Named Link Testing
I placed some test code on the server yesterday, well to test!
I've noticed that there are times when you click "new" or go to a linked liked / mentioned message, you don't end up at the right spot on the page, usually overshooting the proper message. I don't know if it was just me seeing that behavior or if others have seen that as well.
In the past this was somewhat caused by the editor in the quick reply grabbing focus and messing things up. But thinking about it some more it may be caused by the code blocks we use. After a page loads the JS kicks in and makes the code blocks collapse to fit the code or set to a fixed height if there is a large code block. This moves the page about but the named link in the url (that #new or #msg1234) has already been navigated to.
So the testing code is some JS that runs a scrollTo after (and if) the code collapse code has triggered. Probably the full fix would be to prevent the browser default action (not sure you can) then add a scrollTo event as some promise from the code collapse, right now It just adds an on load event if the code code is run.
Anyway if you notice anything improved, unchanged or worse let me know.
Re: Named Link Testing
Reply #2 –
No GH link for the test code, just something I quickly put together and put in place to test.

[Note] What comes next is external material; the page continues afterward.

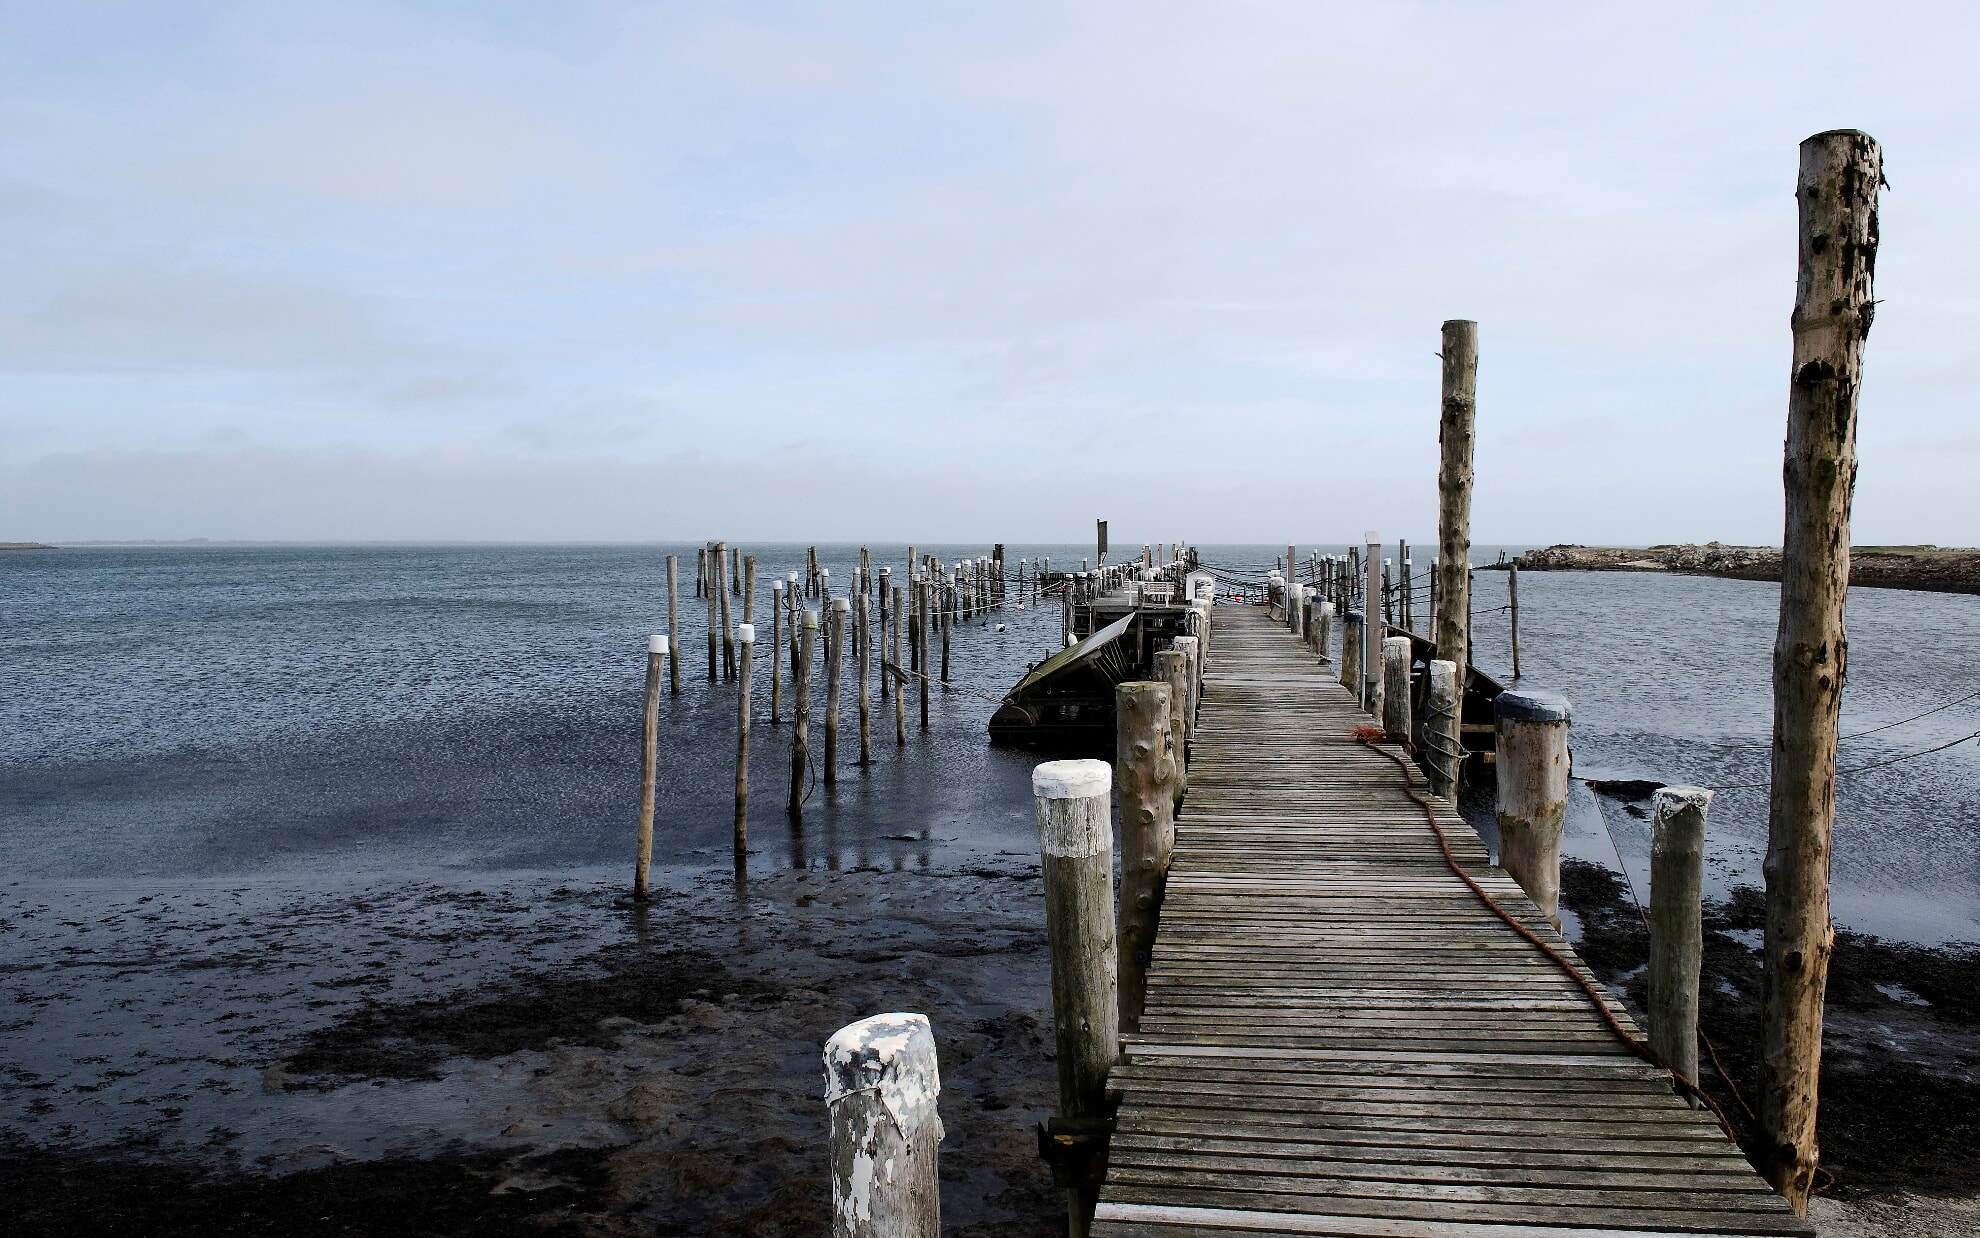 Hafen in Rantum
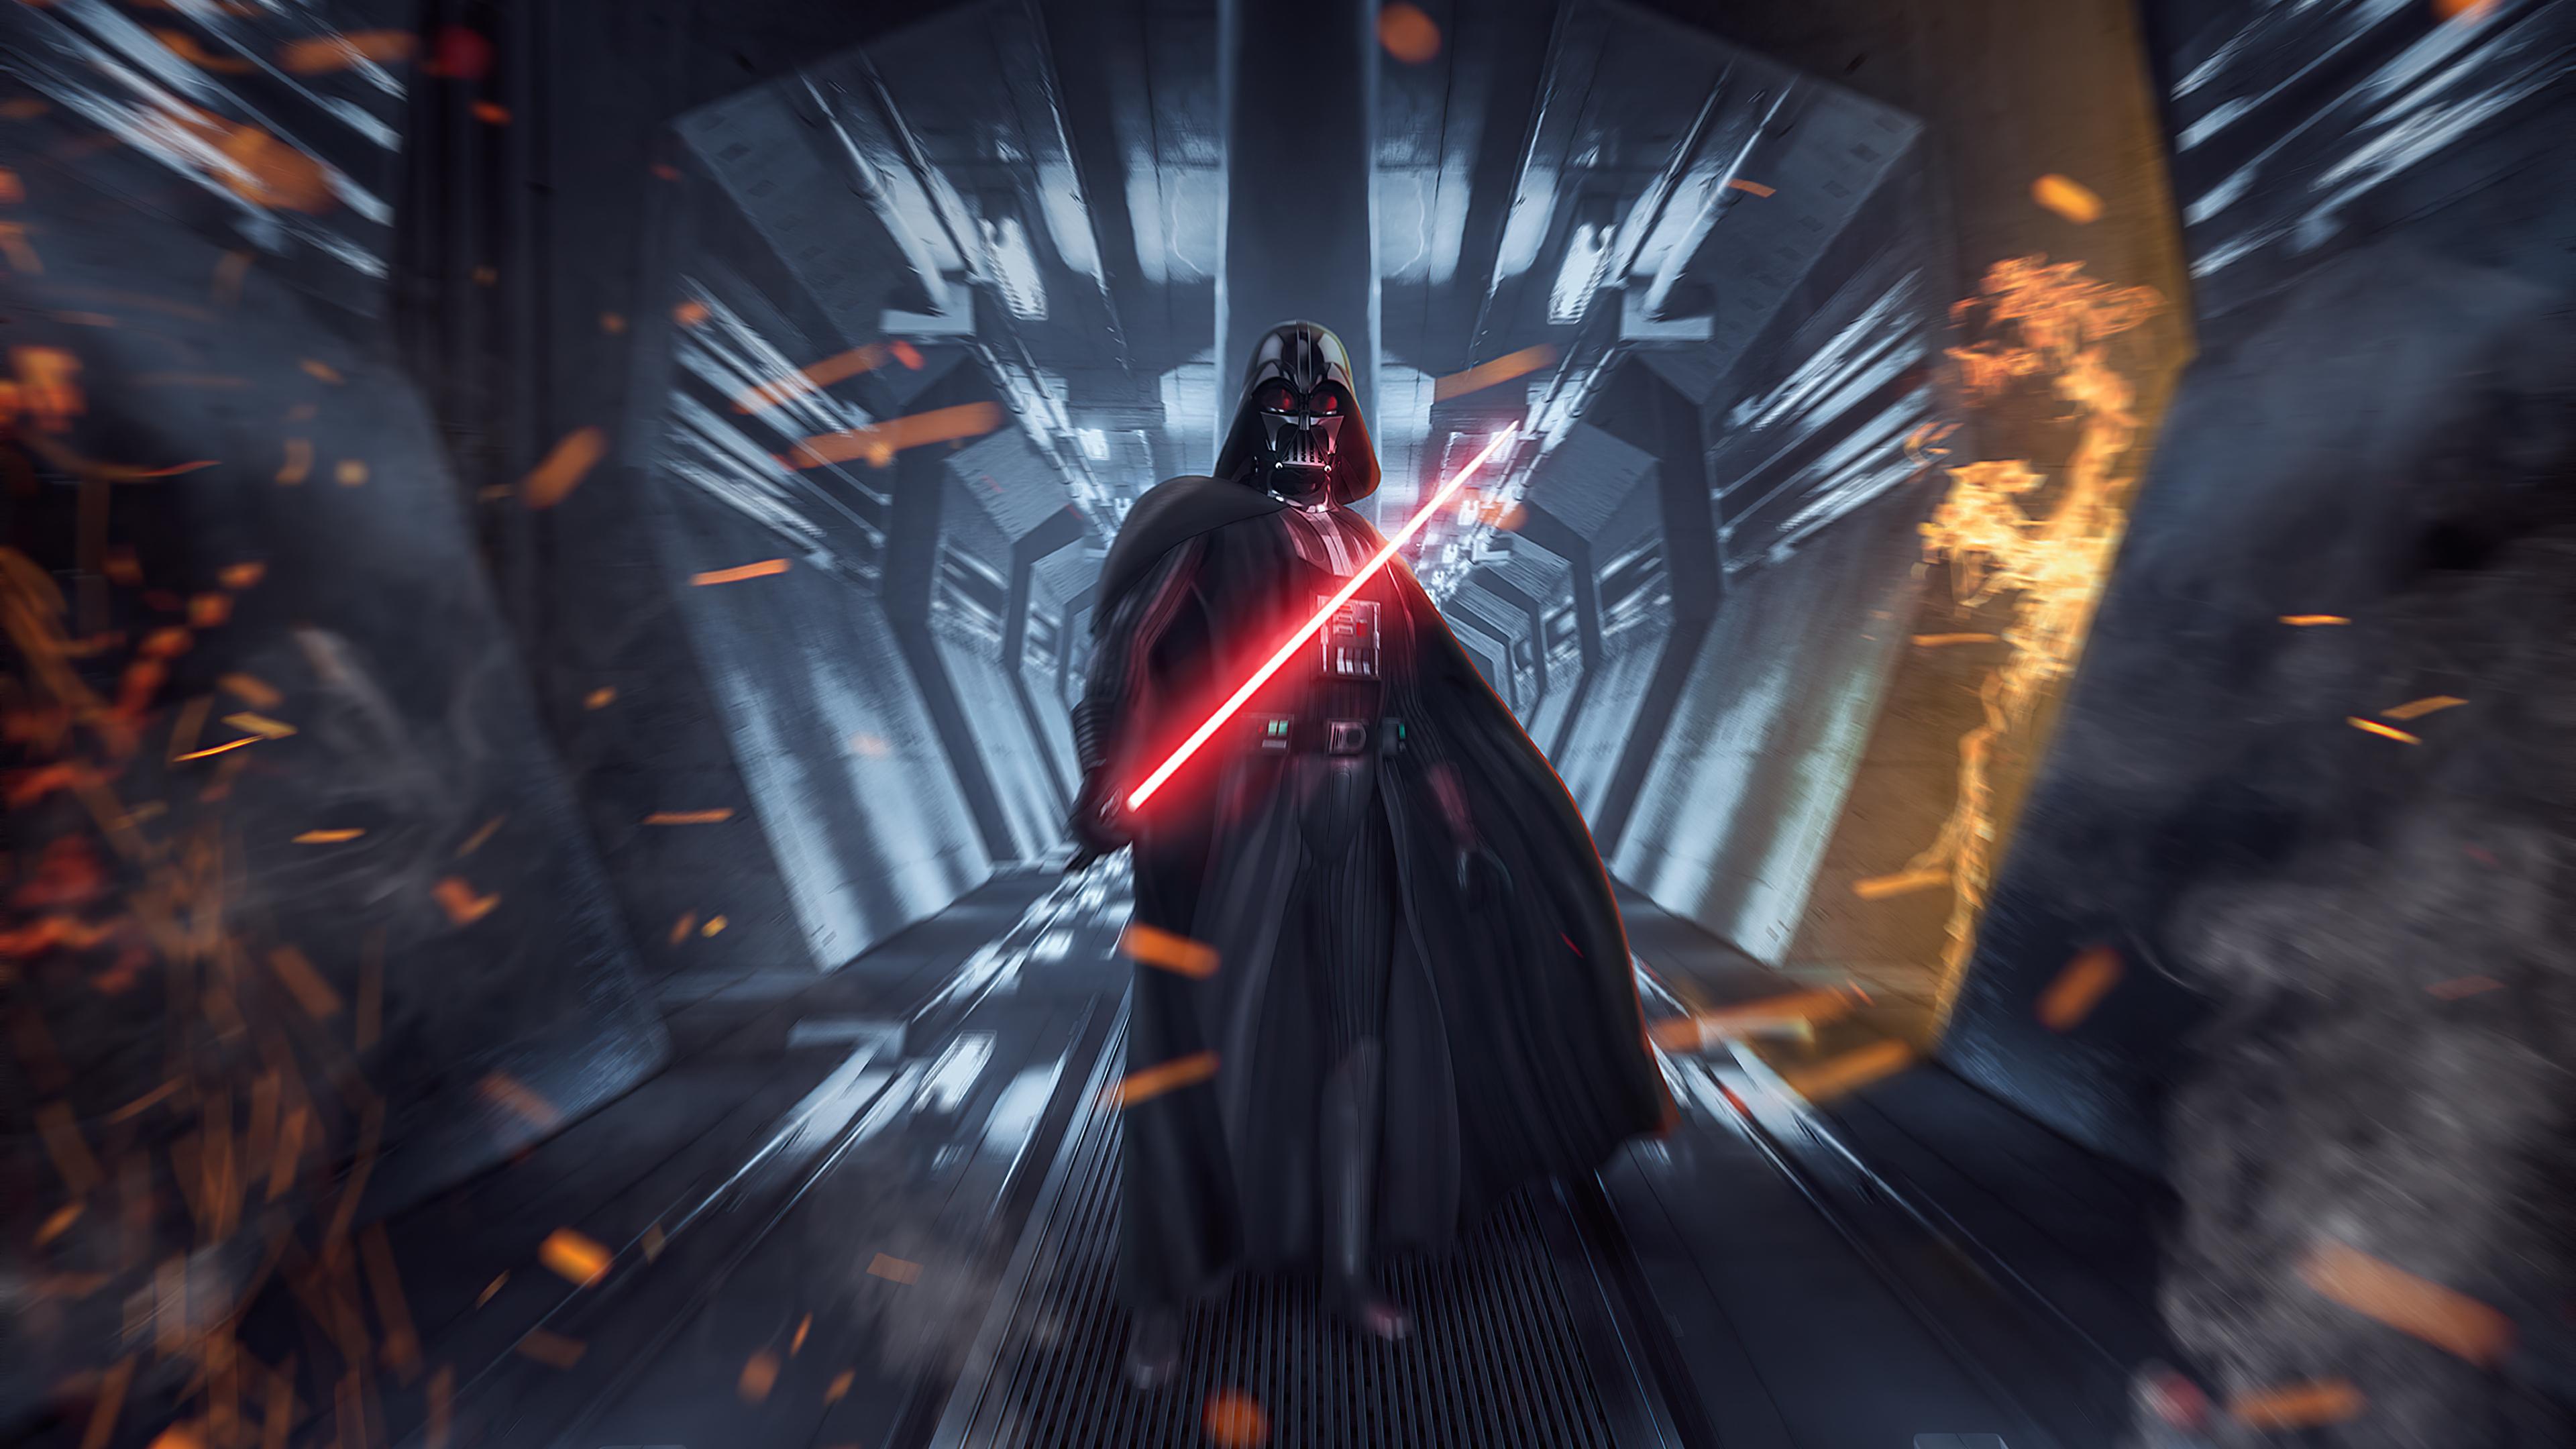 Download 3840x2160 Wallpaper Darth Vader Star Wars Dark Forces Video Game Art 4k Uhd 16 9 Widescreen 3840x2160 Hd Image Background 25026

No idea on the JS TBH, maybe its not needed any longer but was when we first began work on 1.0?. We could try new CSS and see if it works or not without the need for the JS swap.
ETA: Looks like this may have been an old ie8 issue with max heights and overflow auto ... bet we can drop all of that now
Re: Named Link Testing
Reply #8 –
Ah, thanks! I wasn't aware of that new property. I thought it was just a thing browsers (thankfully!) did these days, but I didn't know it was by implementing a new CSS property and changing the default stylesheet.
Yeah, that does drastically reduce the usefulness of the thing.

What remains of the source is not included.